Charles Eisenstein
Charles Eisenstein (born 1967) is an American public speaker, author, and activist. His books include The Ascent of Humanity, Sacred Economics, and The More Beautiful World Our Hearts Know is Possible.
Eisenstein’s work covers a wide range of topics, including the history of human civilization, economics, spirituality, and the ecology movement. Key themes explored include anti-consumerism, interdependence, and how myth and narrative influence culture. According to Eisenstein, global culture is immersed in a destructive “story of separation”, and one of the main goals of his work is to present an alternative “story of interbeing”. Much of his work draws on ideas from Eastern philosophy, the spiritual teachings of various indigenous peoples, the New Age, and conspiracy theory, including various forms of popular pseudoscience, including anti-vaccine misinformation.

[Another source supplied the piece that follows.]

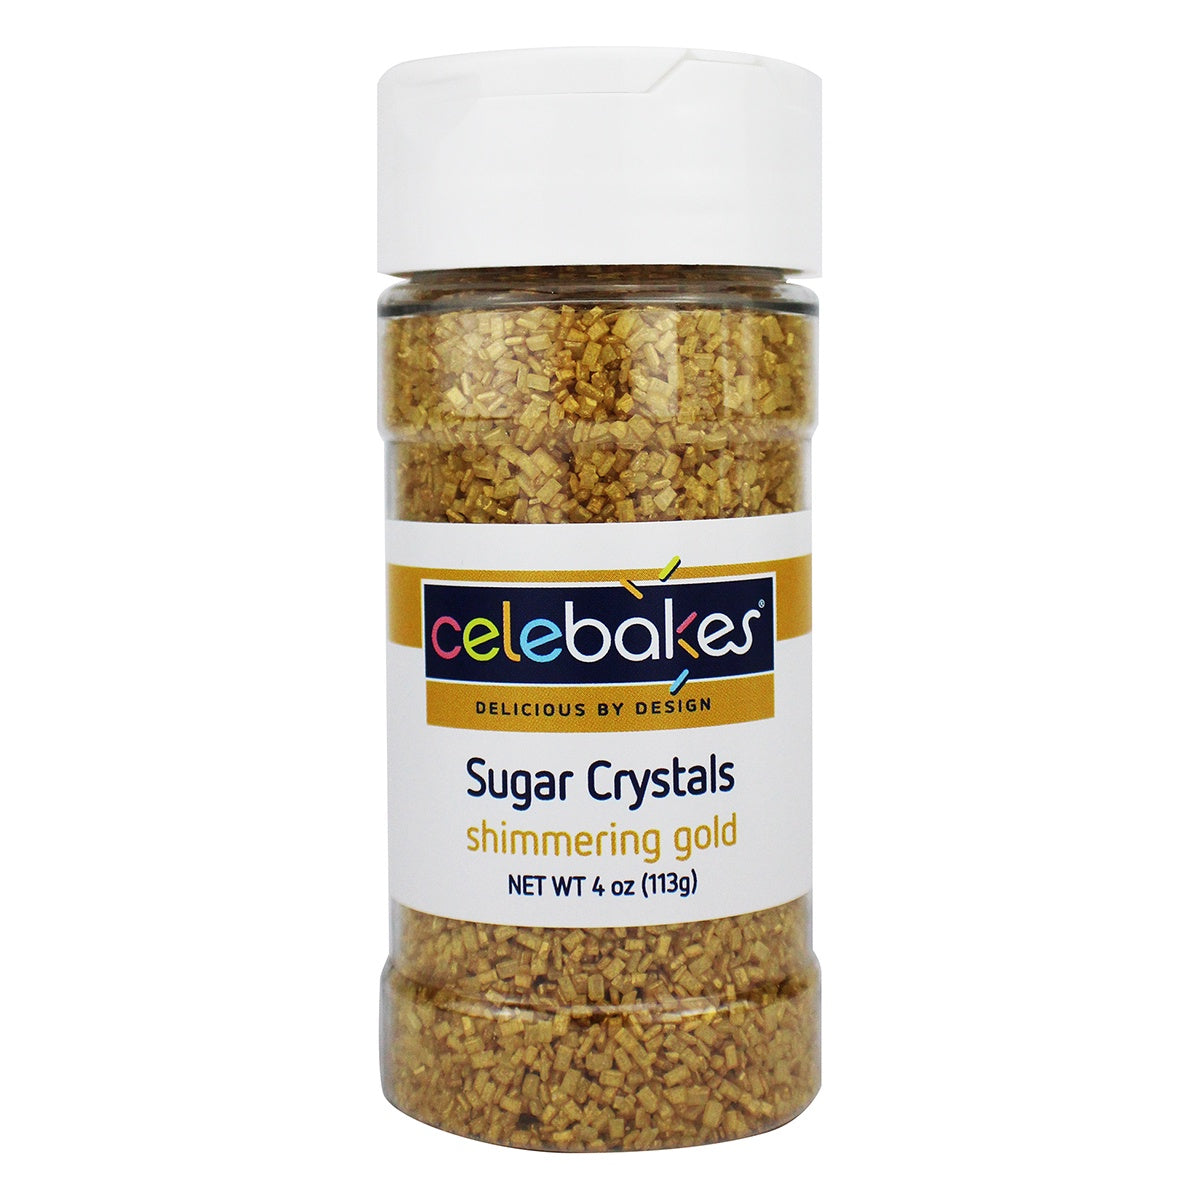 Celebakes Shimmering Gold Sugar Crystals

As an activist, Eisenstein has been involved in the Occupy and New Economy movements. He has promoted eco-villages, permaculture, local currencies, gift economies, economic degrowth and universal basic income. Noting the influence of conspiracy theories on Eisenstein’s writing and activism, especially since the COVID-19 pandemic, Matthew Remski described him as the “poet philosopher of conspirituality.” Eisenstein was a senior advisor for Robert F. Kennedy Jr.’s 2024 presidential campaign.
- “We never were separate from nature and never will be, but the dominant culture on earth has long imagined itself to be apart from nature and destined one day to transcend it. We have lived in a mythology of separation.” ― Charles Eisenstein, Climate: A New Story
- “In civilization, what you are is a discrete, separate individual, among other individuals, in an external universe that is separate from you. In religion, you are a soul encased in flesh. In psychology, you are a mind encased in flesh. In biology, you are the expression of DNA serving to maximize your reproductive self-interest and greed. And that conception of self has basically poisoned our planet, because we treat it as if it were an other.” Charles Eisenstein, author of The Ascent of Humanity and Sacred Economics
- “While Climate Change is a symptom, the fever that our Earth has contracted, the underlying disease is the disconnection from Creation that plagues human societies throughout the Earth.”

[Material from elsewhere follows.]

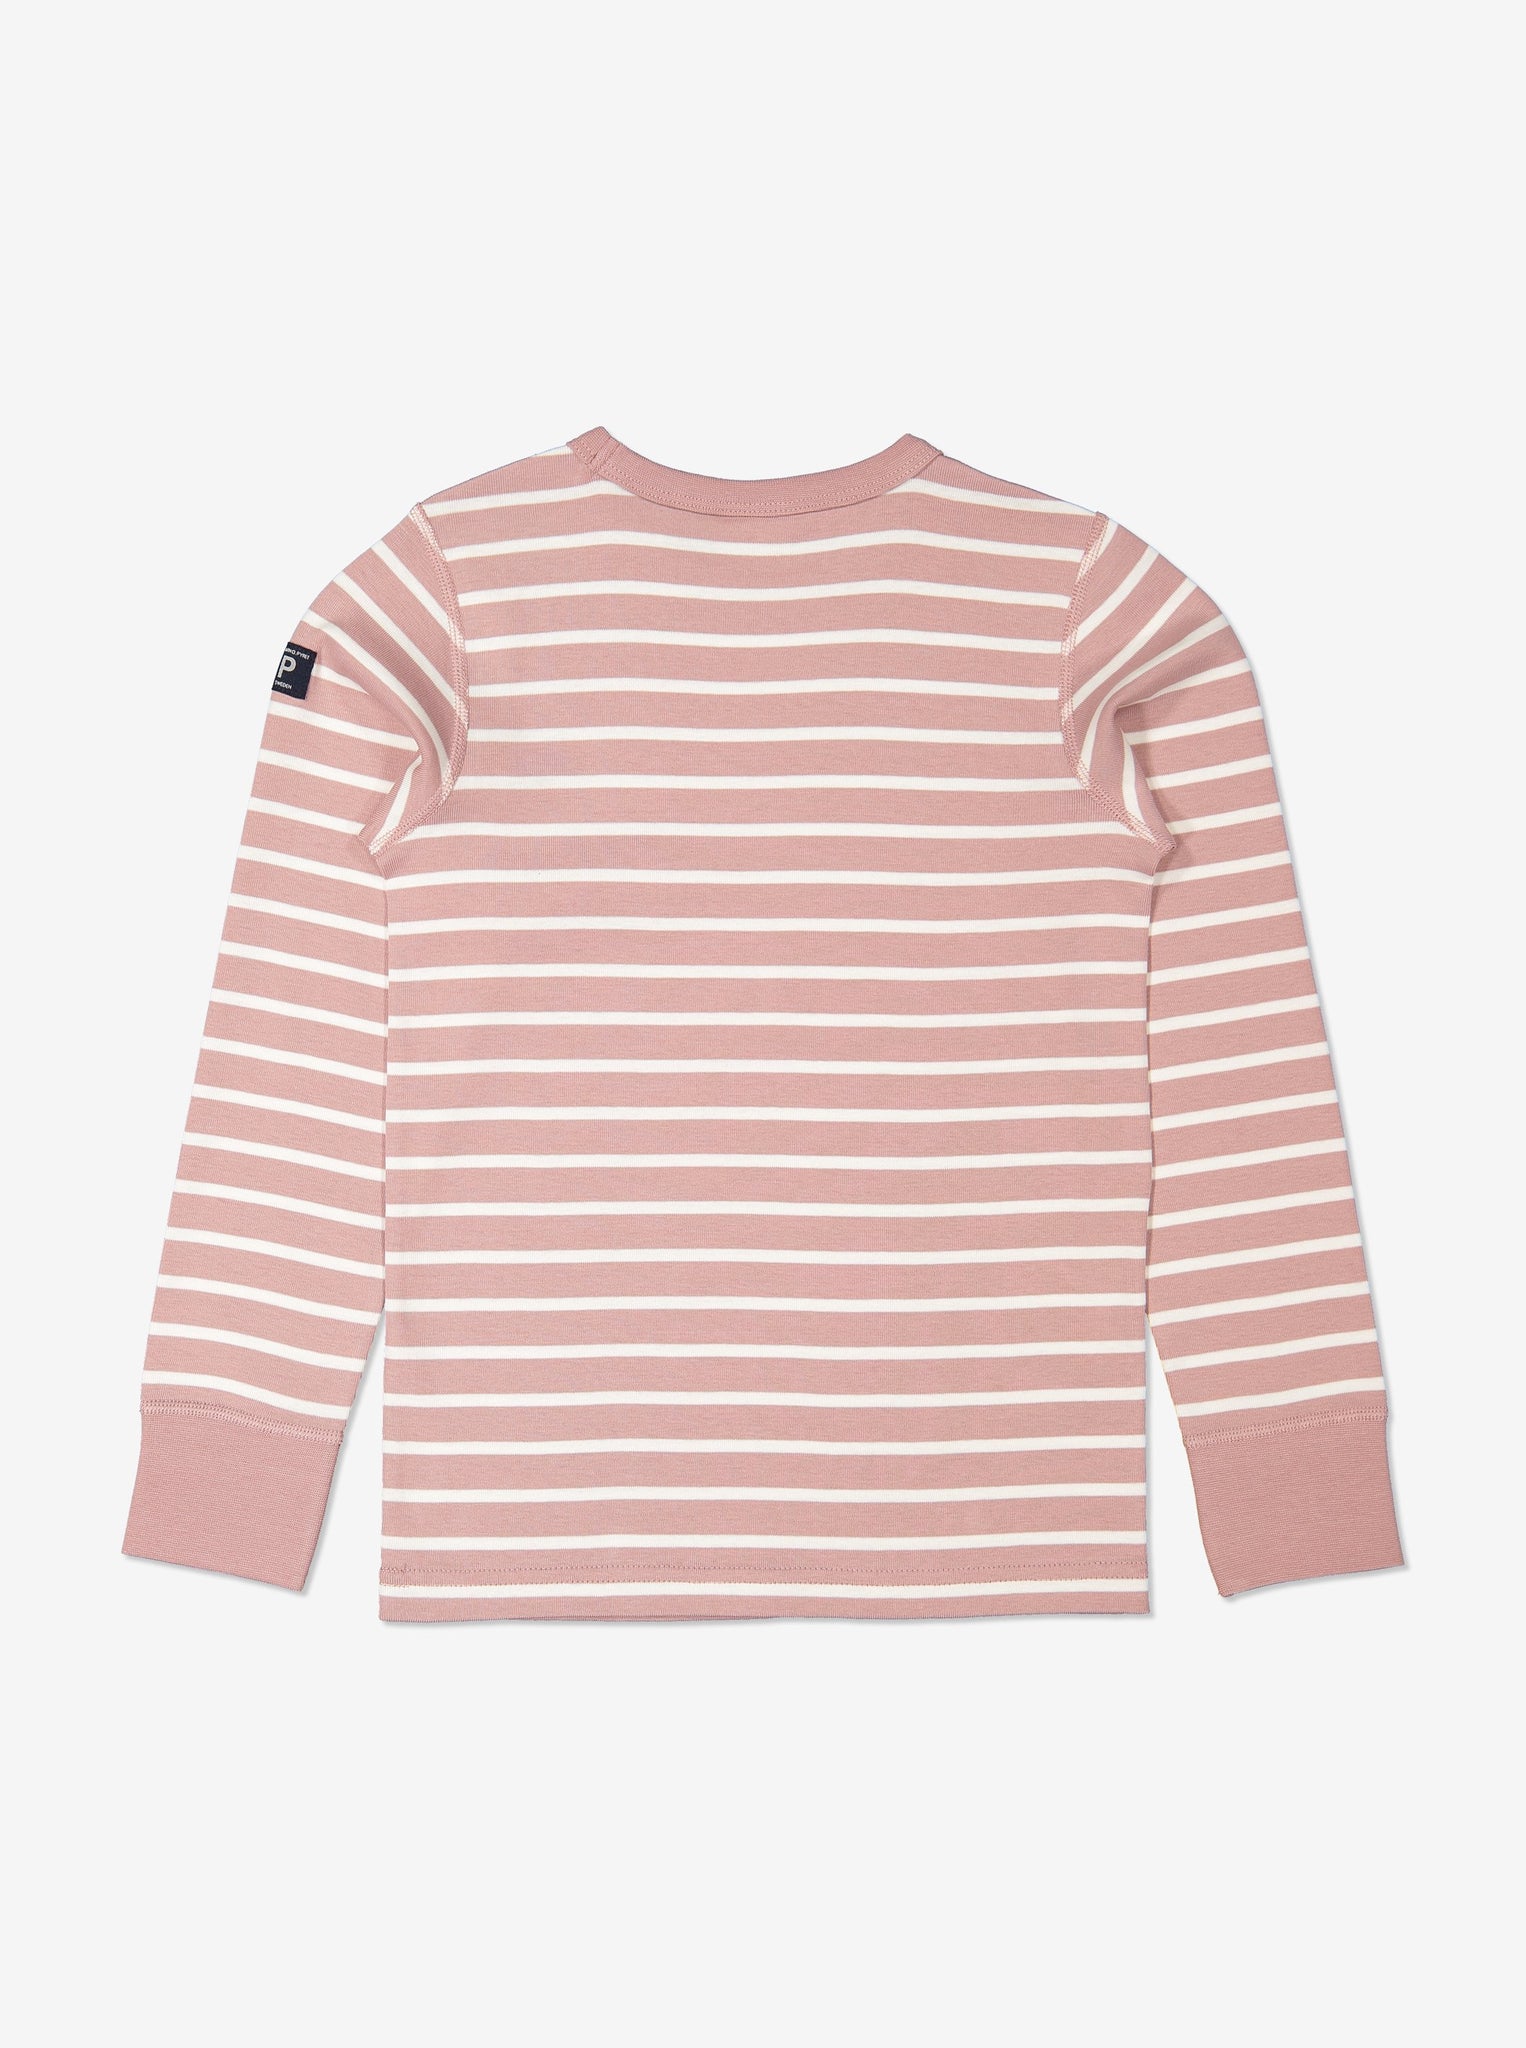 Kids Striped Pink Organic Top

Eisenstein refers to the “story of separation” as a narrative that holds humans apart from nature and from each other. This story is the basis for many of the world’s social and environmental problems.

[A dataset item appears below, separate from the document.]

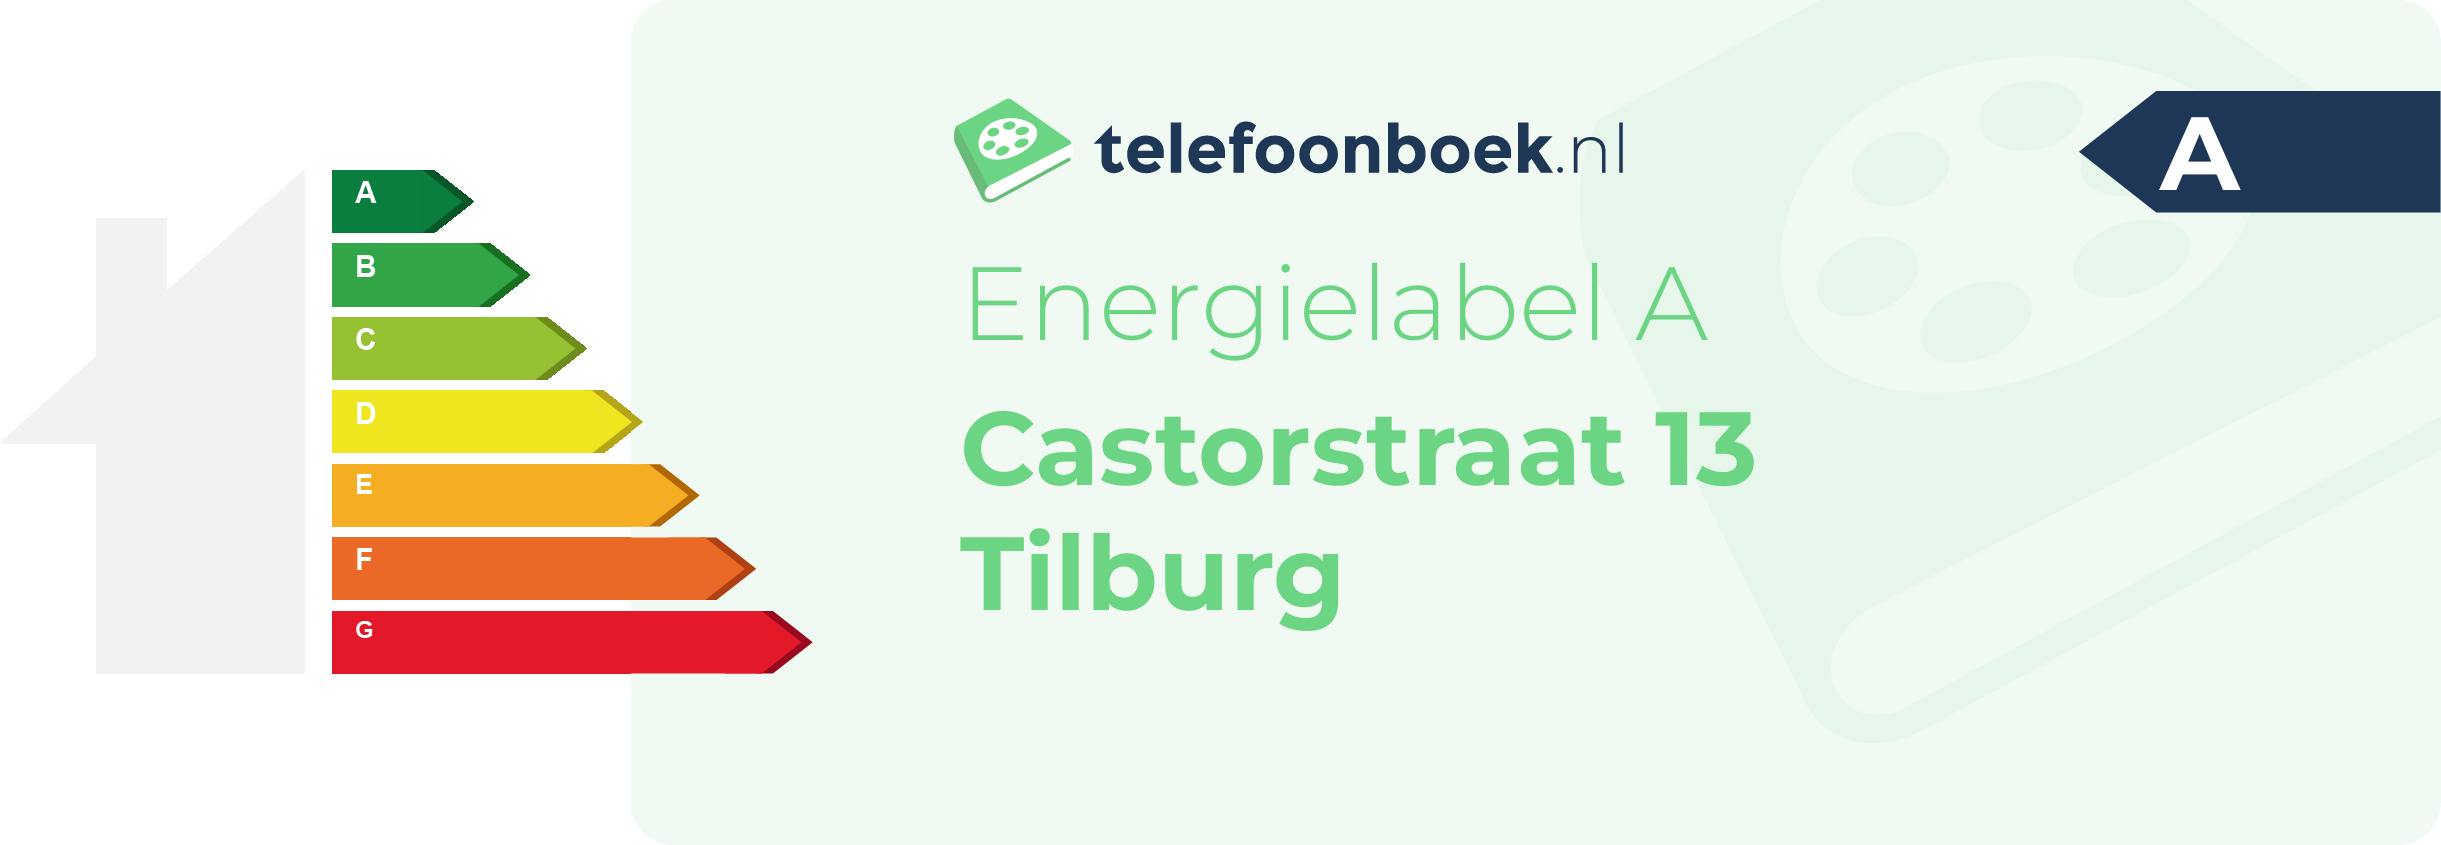 Energielabel Castorstraat 13 Tilburg

The story of separation leads people to believe that:
- They must dominate others to have a good life
- They must control nature to be secure
- They must be in competition with others for resources
- They must be in competition with nature for resources
Eisenstein believes that the story of separation is a myth that can be replaced by a story of interbeing, which recognizes that humans are connected to each other and to nature.